# The data
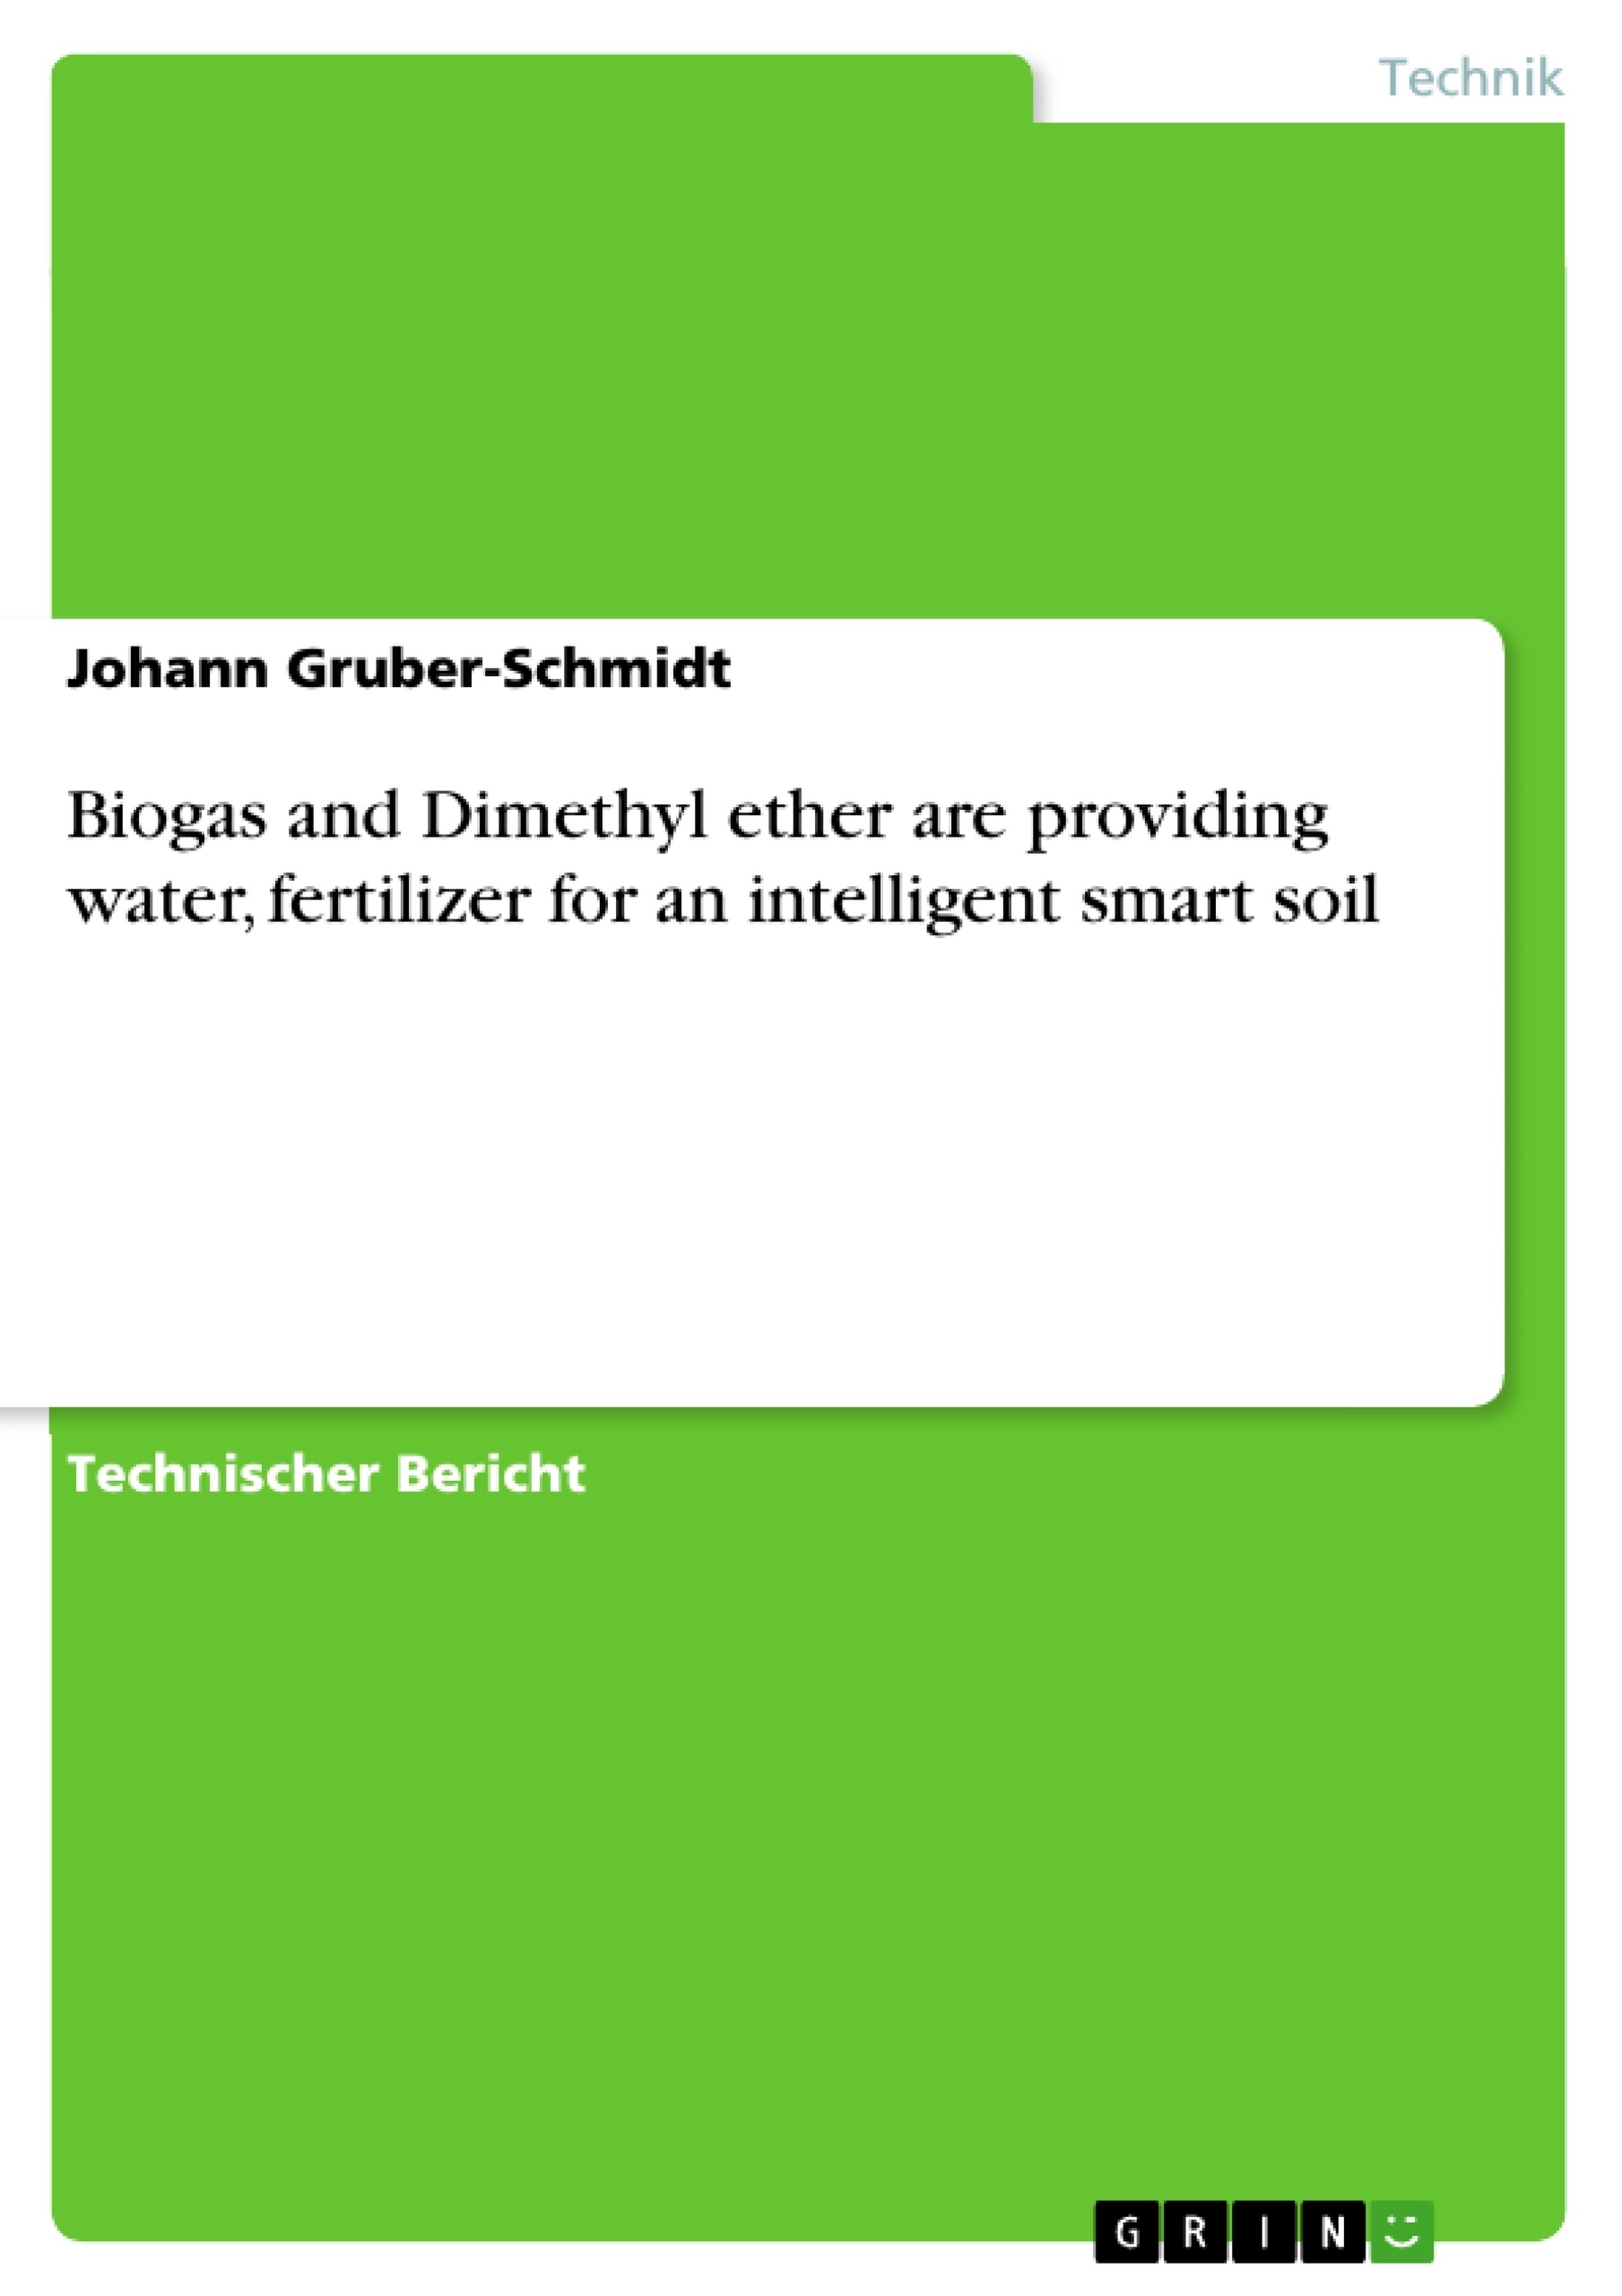 Titel: Biogas and Dimethyl ether are providing water, fertilizer for an intelligent smart soil
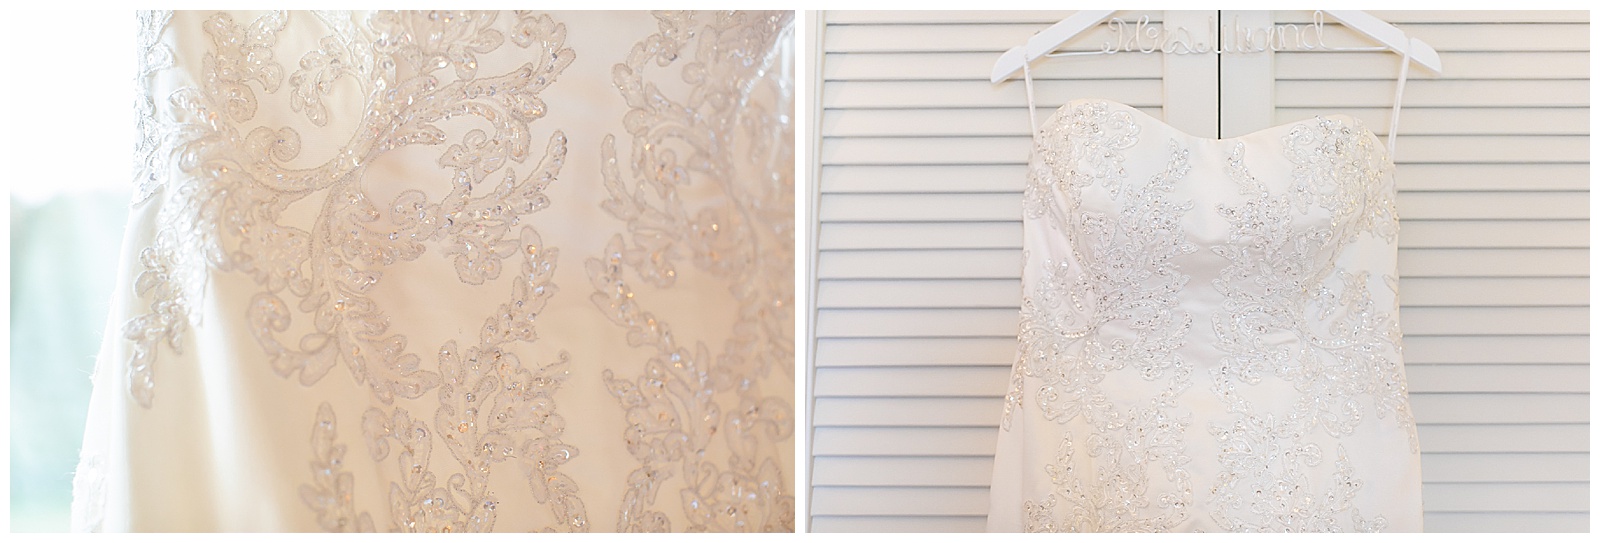 beaded sleeveless wedding dress on personalized hanger
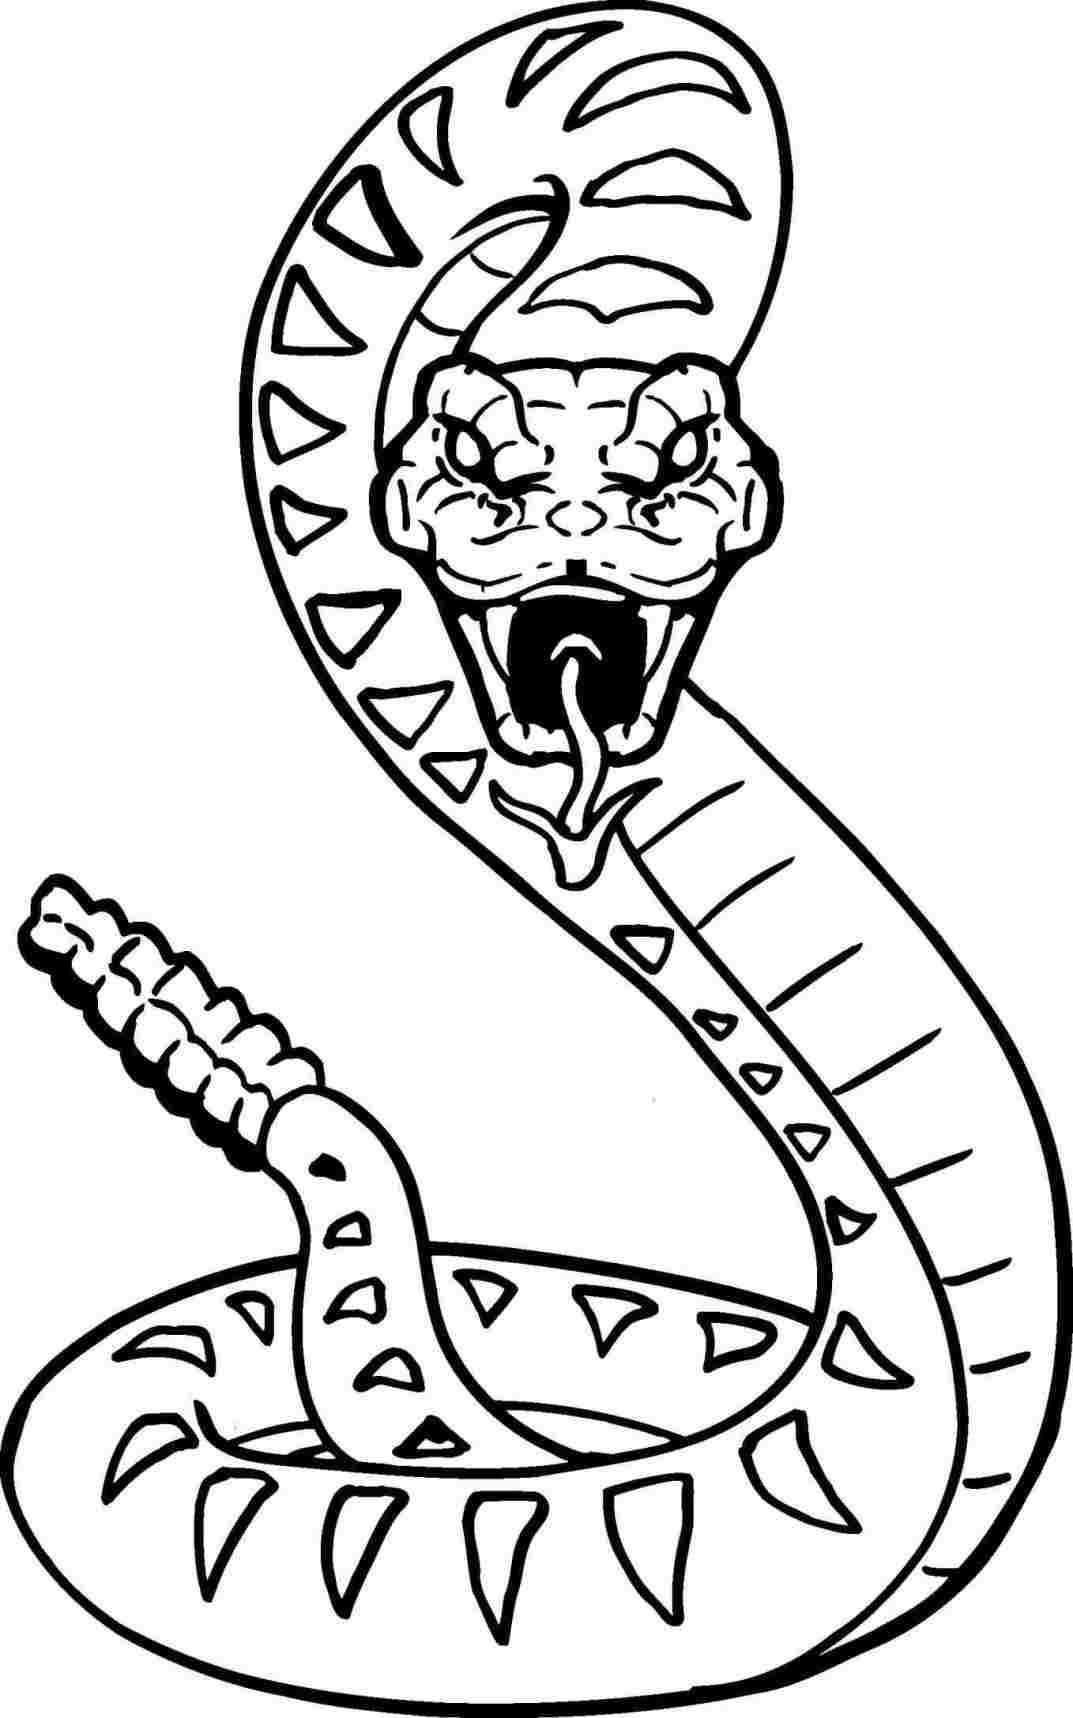 Google Image Result for https://paintingvalley.com/drawings/cobra-snake-head-drawing-35.jpg  in 2020 | Snake coloring pages, Snake drawing, Coloring pages

# What needs to be done
This task calls for the lines from the line containing "beaded sleeveless wedding" through the end of the listing, set down exactly and only, with pictures omitted.

# Answer to this task
 beaded sleeveless wedding dress on personalized hanger
 Google Image Result for https://paintingvalley.com/drawings/cobra-snake-head-drawing-35.jpg  in 2020 | Snake coloring pages, Snake drawing, Coloring pages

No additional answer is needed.